The idea is not to simply bail out someone else, but to help him/her get finances in order. Sure, you may have to do something tangible, but throwing money at a problem seldom works in the long run. Chances are this is a behavioural issue that must be addressed on multiple levels.

In other words, while you can help, they should be the one to work their way out of this situation. See if you can help them in other areas, like navigating their credit report and preparing their monthly budget. They’ll thank you afterwards.

3. Establish a cash allowance for both of you

You can’t just take your partner’s credit card and through it away. Instead, establish a cash allowance for both of you and stick to it. Yes, this entails creating a budget and perhaps even deciding to drop spending on credit cards altogether. Cash is king in many areas and when it comes to spending, it makes it harder to buy things left and right. There’s a difference between pulling out paper instead of plastic from your wallet — unlike plastic (credit card), the paper disappears over time.

The important thing for your partner to realize is that both of you are in this together. This way they will be more willing to comply.

4. Find room for savings

Your partner’s debt is partly your debt, too. So act like you would if it was your debt — as we have discussed in other articles, the idea is to find room for savings so you could repay that debt as soon as possible. And that’s where the budget kicks in; you need to know where your partner’s money goes before deciding where to make the (necessary) cuts.

To that end, the two of you could brainstorm actionable ways to solve the current situation. Sit down together and come up with ideas how to reach that goal.

Perhaps your partner could ask for a raise at work, or perhaps he/she could get a part-time job or a side gig. Ultimately though, he/she will need to cut on spending to reach the previously set goals.

5. Schedule autopays

Tell your partner, or help him/her, to set up auto-payments towards debt repayment. The idea is to select the dates that coincide with their paydays so that they have little time to go on a shopping spree. They should first handle their financial responsibilities, and only if there is something left — buy something for themselves.

Actually, the goal should be to put more money into savings to remove the debt as soon as possible, but that’s not always possible. People are people, if you know what I mean.

6. Consider other financial instruments

One of them could be a low APR loan that would be used to repay the higher APR debt from a credit card. There are also balance transfer credit cards, but those with more than 12 months of zero interest financing are usually unavailable to people with poor credit.
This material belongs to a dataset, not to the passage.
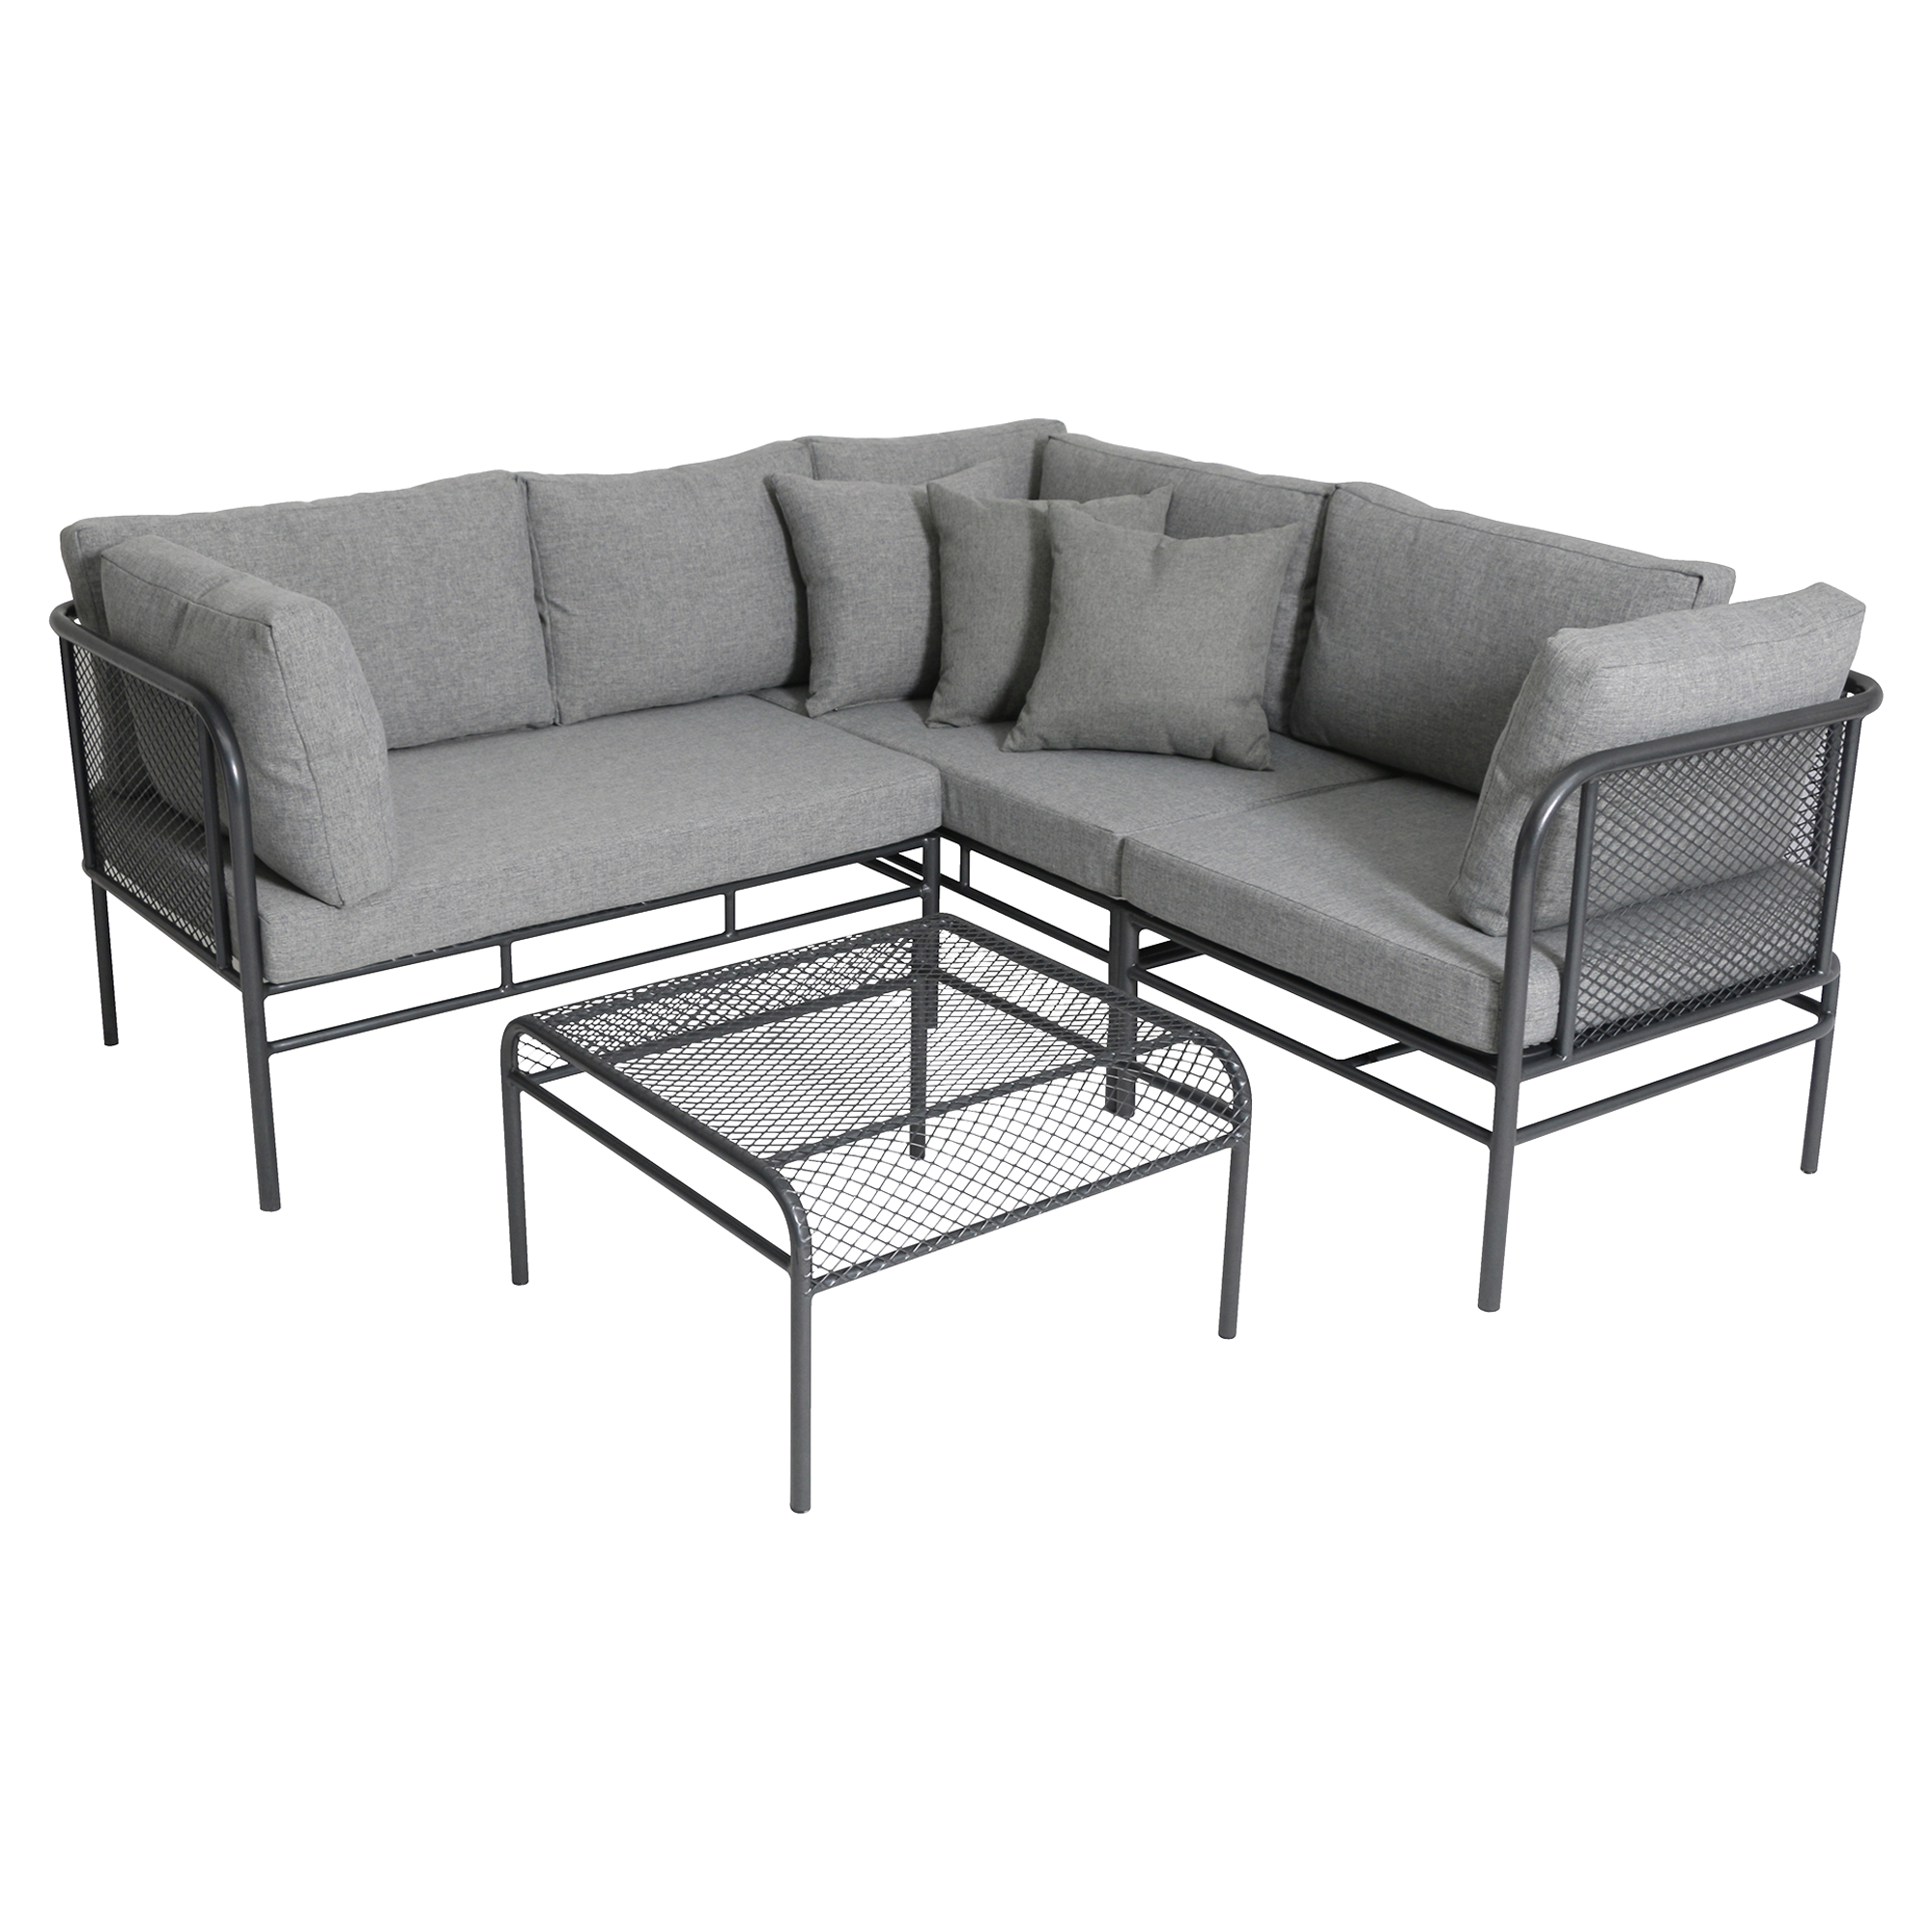 Lounge-Set 'Toulouse' Metall grau, 3-teilig + product picture

In the meantime, the two of you may want to consider a secured credit card. It seldom offers any bells and whistles, but it will help them recover their credit score, while at the same time putting their (bad) shopping habits under control.

A secured credit card entails the user placing a deposit that is typically the same size as the credit limit, pretty much making it a risk-free product for the bank. So yes, a bank will offer this card to just about anyone.